The case volume and use of ancillary tests vary among different practices. One practice may see over 2,000 cases a year involving all organs and the use of IHC and special stains, with molecular testing sent out. Another practice might have a case volume of 20,000, with ancillary tests run. Still a different practice could carry a case volume of 10,000 a year, with reliance on specialized testing for complex cases.
Likewise, one pathologist might sign out about 30–35 cases a day, with immunohistochemistry and FISH/cytogenetics available within the organization, and molecular testing usually sent out. Another pathologist might see approximately 45 cases, including cytology, with ancillary tests only sometimes run. Despite this massive variety in case distribution among practices, most modern groups have systems in place to ensure equal distribution.
A general pathologist interacts with every member of the healthcare team—perhaps a conversation with a pulmonologist in the morning, an oncologist in the afternoon, and a neurosurgeon in the evening—and is expected to have a valued opinion for each specialty, in every one of their cases. As a rule, pathologists interact with a variety of specialties, including surgeons, medical oncologists, mid-level practitioners, neurosurgeons, radiation oncologists, radiologists, hospitalists, pulmonologists, and podiatrists.

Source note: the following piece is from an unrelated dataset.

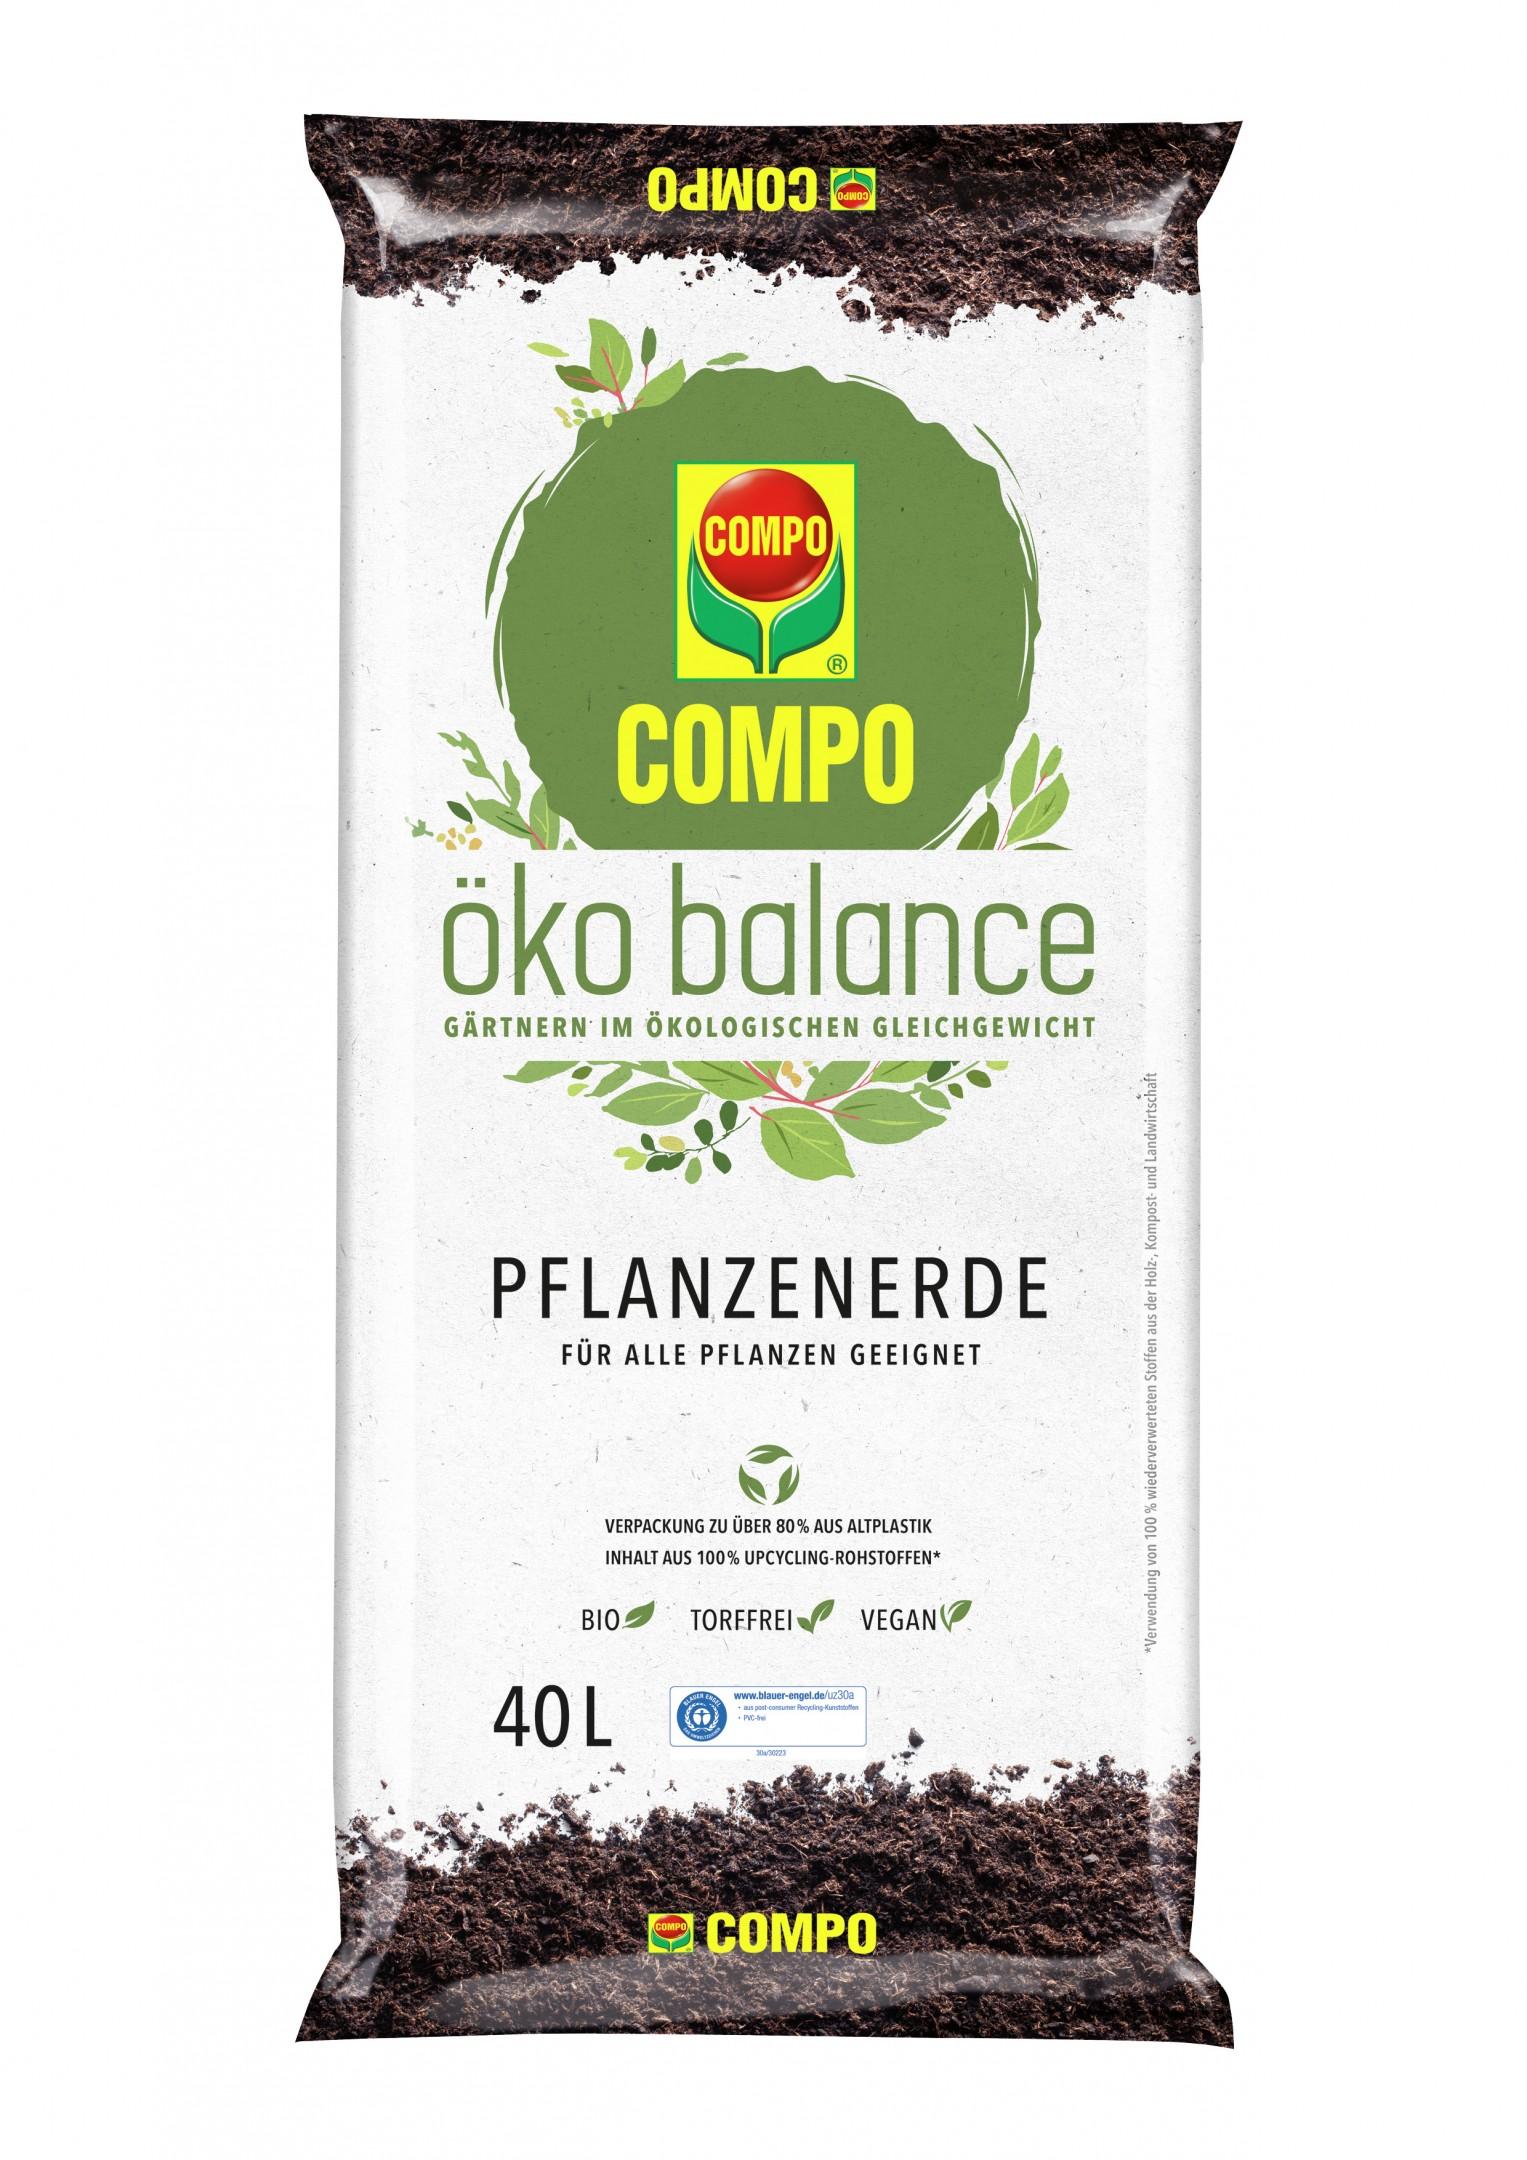 COMPO öko balance Pflanzenerde 40 L Bild 1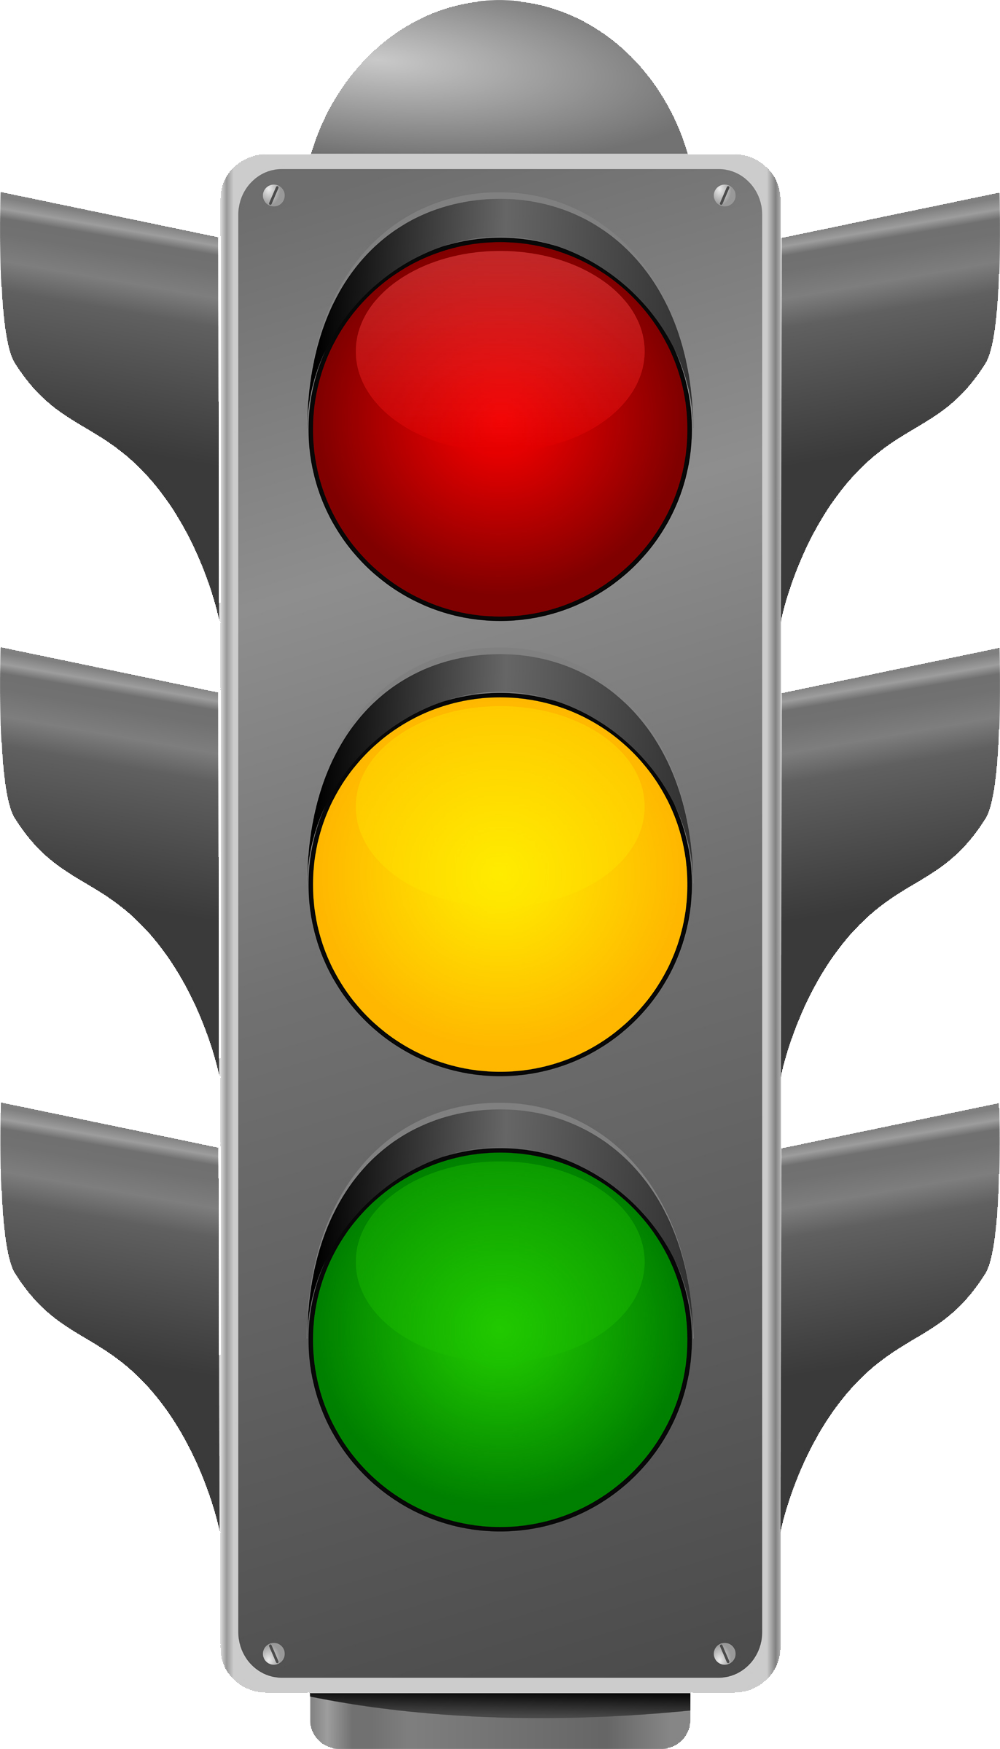 Traffic Lights Png Image Purepng Free Transparent Cc0 Png Image Library Traffic Light Sign Traffic Light Traffic Signal

But one pathologist may interact with all hospital administrators, while another may be a pathology point person for spine centers. Specialty interactions may also include breast, genitourinary, head and neck, thoracic, and obstetrics and gynecology.
General pathologists may pair with any of the subspecialties in both anatomic and clinical pathology.
Most general pathologists typically do not have direct patient interaction, and some will tell you the answer to this question is a straight-up “No.” However, others will tell you that they are sometimes present/in the room when radiology or pulmonology do thyroid/lymph node/EBUS FNAs, during procedures to check specimen adequacy, or other specific situations. Again, this all depends on where you are in practice. For instance, while many generalists do not engage in patient interaction, they may still occasionally interact with hospital laboratory staff for a variety of reasons, such as regular bench top clinical testing, among others. Changes to CPT codes for pathology patient counseling may offer more opportunities for direct patient contact in the future.